Russian/East/Central European postcolonial literature

Furman, Yelena yfurman at HUMNET.UCLA.EDU
Fri Jun 8 18:57:43 UTC 2007


Dear all, 
I am posting this to the list upon Klawa Thresher' s request.  The comments are those of the individuals who sent me their recommendations.  Enjoy!
Best, Lena
 

1. Almost anything by Chingiz Aitmatov.  Iskander, especially Sandro iz Chegema, has a lot to offer, too.  Timur Pulatov, Olzhas Suleimenov, Hrant Matevosyan, Fazu Alieva, Otar Ioselani, Yuri Rykhteu, and Timur Zulfikarov are all worth reading, as well, but they are harder to find in translation (although there are things out there).  Old issues of the journal Soviet Literature - it is a gold mine.  It has translations, not just from Russian, but from other languages as well.

 

2. You may use Andrei Volos' "Hurramabad" (English version is published by Glas), a chapter from Oksana Zabuzhko's "Filed Work in Ukrainian Sex"
(http://www.bu.edu/agni/fiction/print/2001/53-zabuzhko.html <https://mail.humanities.ucla.edu/exchweb/bin/redir.asp?URL=http://www.bu.edu/agni/fiction/print/2001/53-zabuzhko.html> ) and of course Milan Kundera's numerous writings on Central Europe including his recent "Die Weltliteratur" ("The New Yorker", January 8, 2007).  Everything pertaining North Caucuses is valuable too: some of texts on this subject may be found in the recent Glas collection "War and Peace" (Arkadii Babchenko, Julia Latynina, and the fragment from Dmitri Bykov's novel "ZhD" under the title "Jewhad"). Makanin's "The Prisoner of the Caucuses" is included into the collection of his works "The Loss" (Northwestern UP) translated by Byron Lyndsey - although it's more a post-imperial rather than a post-colonial text.

 

3. Hamid Ismailov, THE RAILWAY, a novel set in Central Asia.  The time span is from around 1900 to 1980.   It is published by Harvill Secker (an imprint of Random House) and will be republished by Vintage this July.  US distribution may not be that great but it is certainly available from amazon.com 

 

4. Yuri Andrukhovych's "Recreations" (Northwestern UP) and anything else of that writer (Ukrainian)

 

5. Mamdali Makhmudov, 'Ulug' Tog'lar' (The famous moutains"), the only anticolonial work I know of Central-Asian origin about Russia's colonization of Central East (sredny vostok as it was called in Soviet times) 

 

Critical literature:

David Chioni Moore's article "Is the Post- in Postcolonial the Post- in Post-Soviet? Towards a Global Postcolonial Critique." 

 

Condee, Nancy.  "The Anti-Imperialist Empire and After: In Dialogue with Gayatri Spivak's 'Are You Postcolonial?'"  PMLA 120:4 (October 2006): 829-31.  Introduction by Gayatri Spivak. 

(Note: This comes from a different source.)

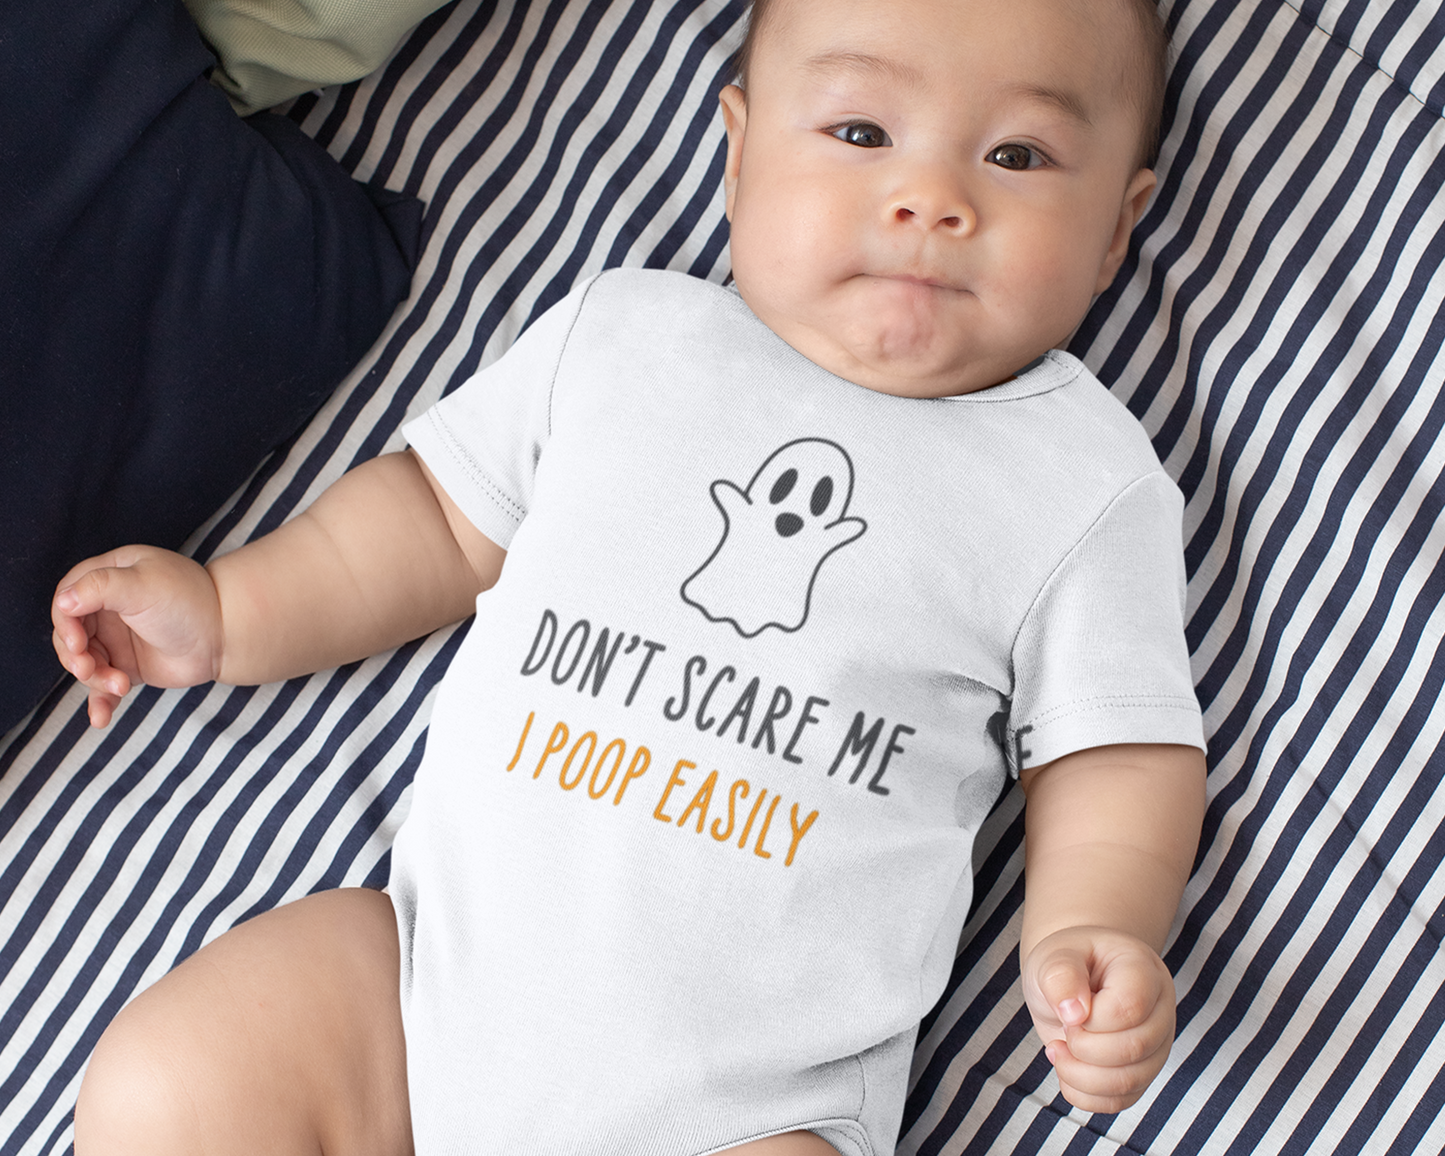 Don't Scare Me - I poop easily | Funny Halloween Baby Onesie Bodysuit

---.  "Eurasia and Imperialism."  Debate (participants include Gayatri Spivak and Harsha Ram).  PMLA 122:1 (January 2007): 360-61.


________________________________

From: Klawa Thresher [mailto:kthresher at rmwc.edu]
Sent: Tue 6/5/2007 11:39 AM
To: Furman, Yelena
Subject: RE: [SEELANGS] Russian/East/Central European postcolonial literature



Hi Lena - could you share your list with the listserve?  Thank, Klawa

-----Original Message-----
From: SEELANGS: Slavic & East European Languages and Literatures list
[mailto:SEELANGS at BAMA.UA.EDU] On Behalf Of Furman, Yelena
Sent: Monday, May 21, 2007 2:11 PM
To: SEELANGS at BAMA.UA.EDU
Subject: Re: [SEELANGS] Russian/East/Central European postcolonial
literature

Dear all,
A huge thank you to everyone who answered my query.  I now have a very
interesting list of titles/authors, not only for the person who asked me
but for my own education, as well.  Many thanks again.